Skip pictures in the listing below; copy exactly the lines from the one with "A thousand words" through the one with "Almost all the", inclusive.

▶ _The data_
============================================================

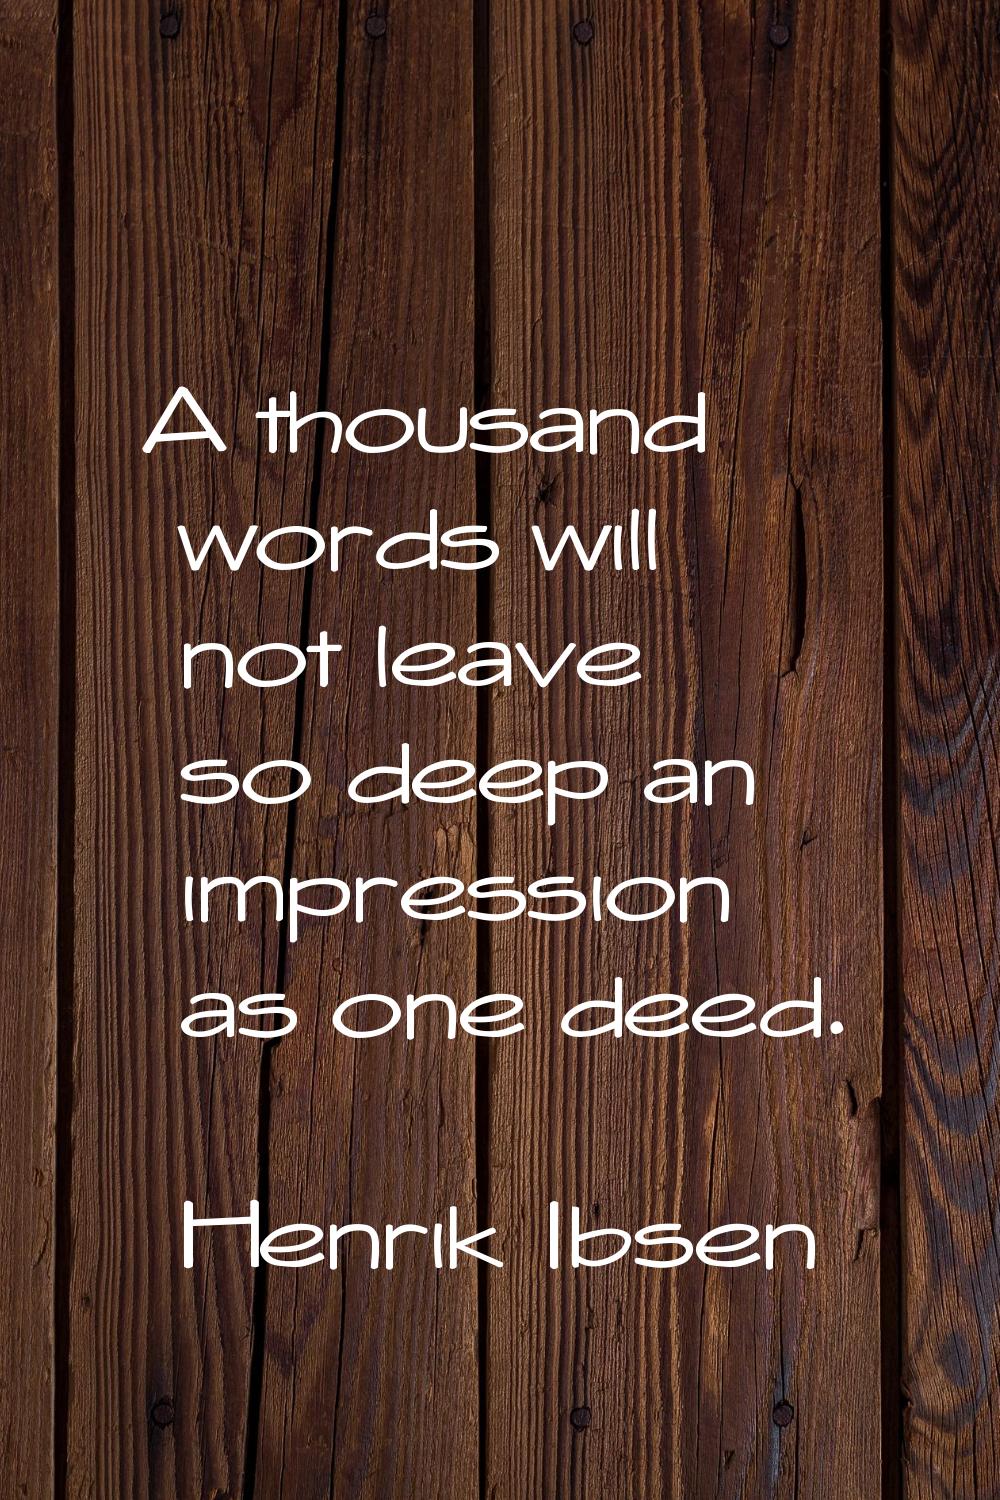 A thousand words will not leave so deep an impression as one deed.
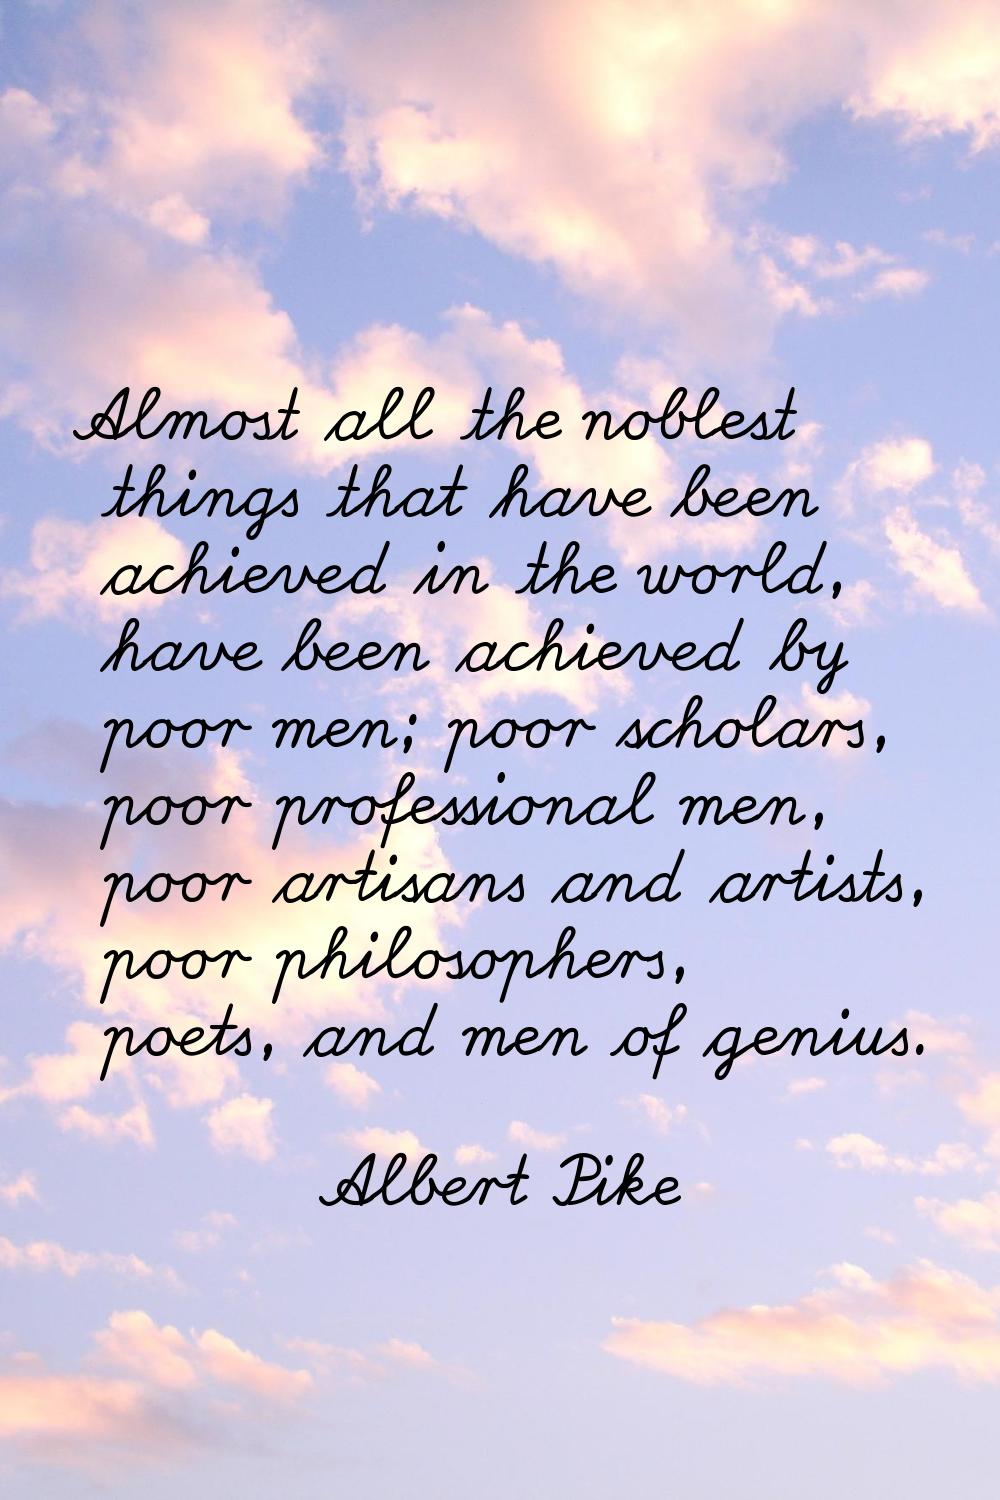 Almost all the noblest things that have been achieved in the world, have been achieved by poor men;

============================================================

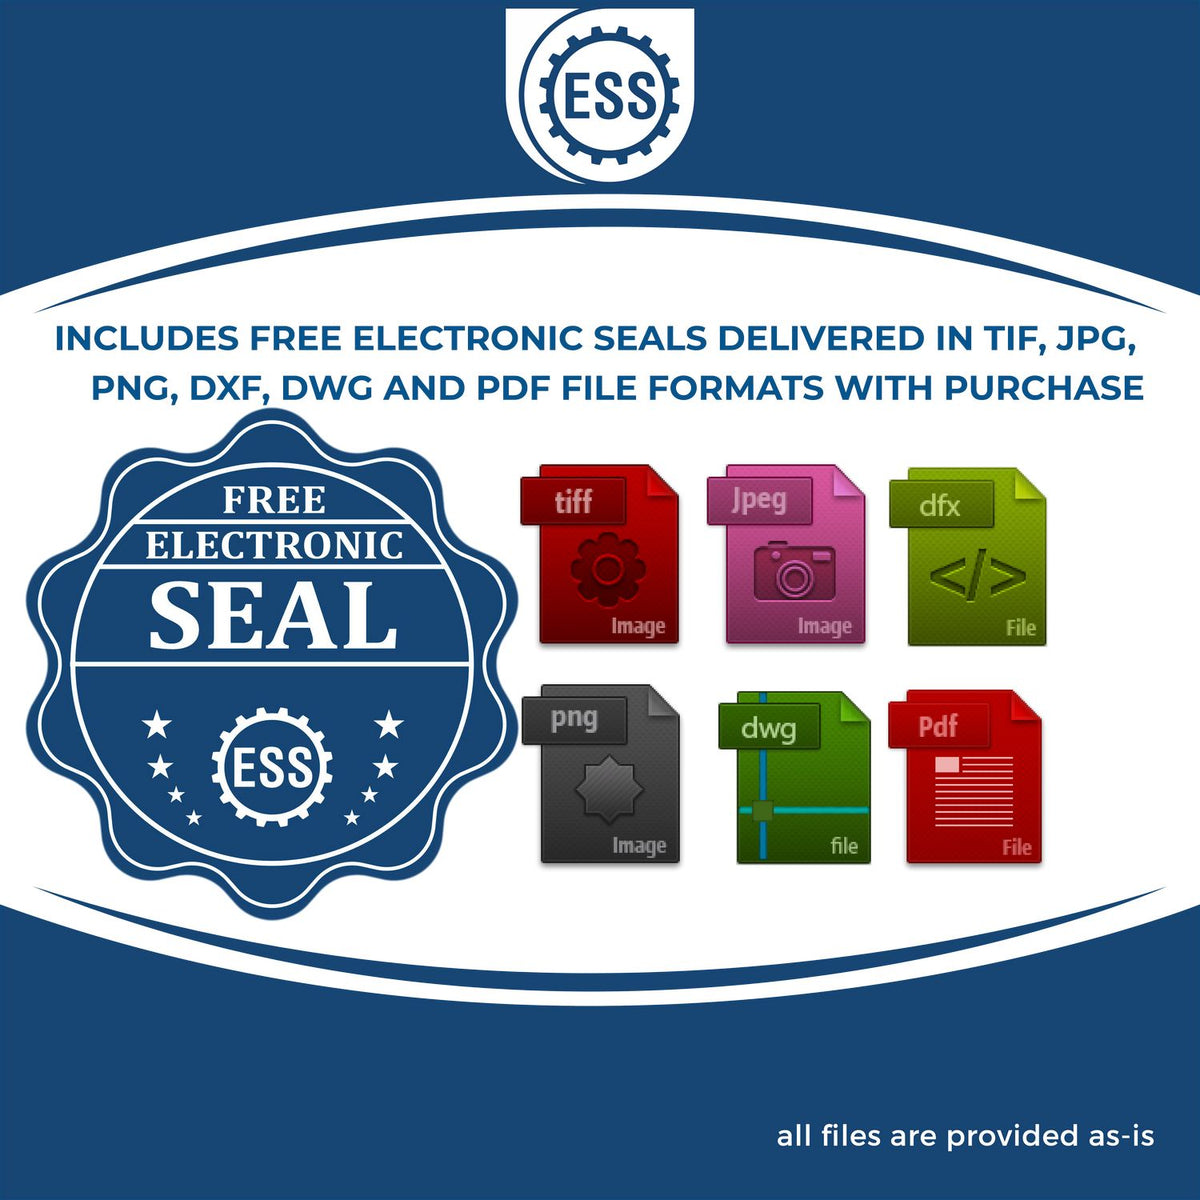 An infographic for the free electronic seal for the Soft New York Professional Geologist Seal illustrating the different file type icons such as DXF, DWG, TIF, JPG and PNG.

============================================================

▶ _Answer to the exercise_
 A thousand words will not leave so deep an impression as one deed.
 Almost all the noblest things that have been achieved in the world, have been achieved by poor men;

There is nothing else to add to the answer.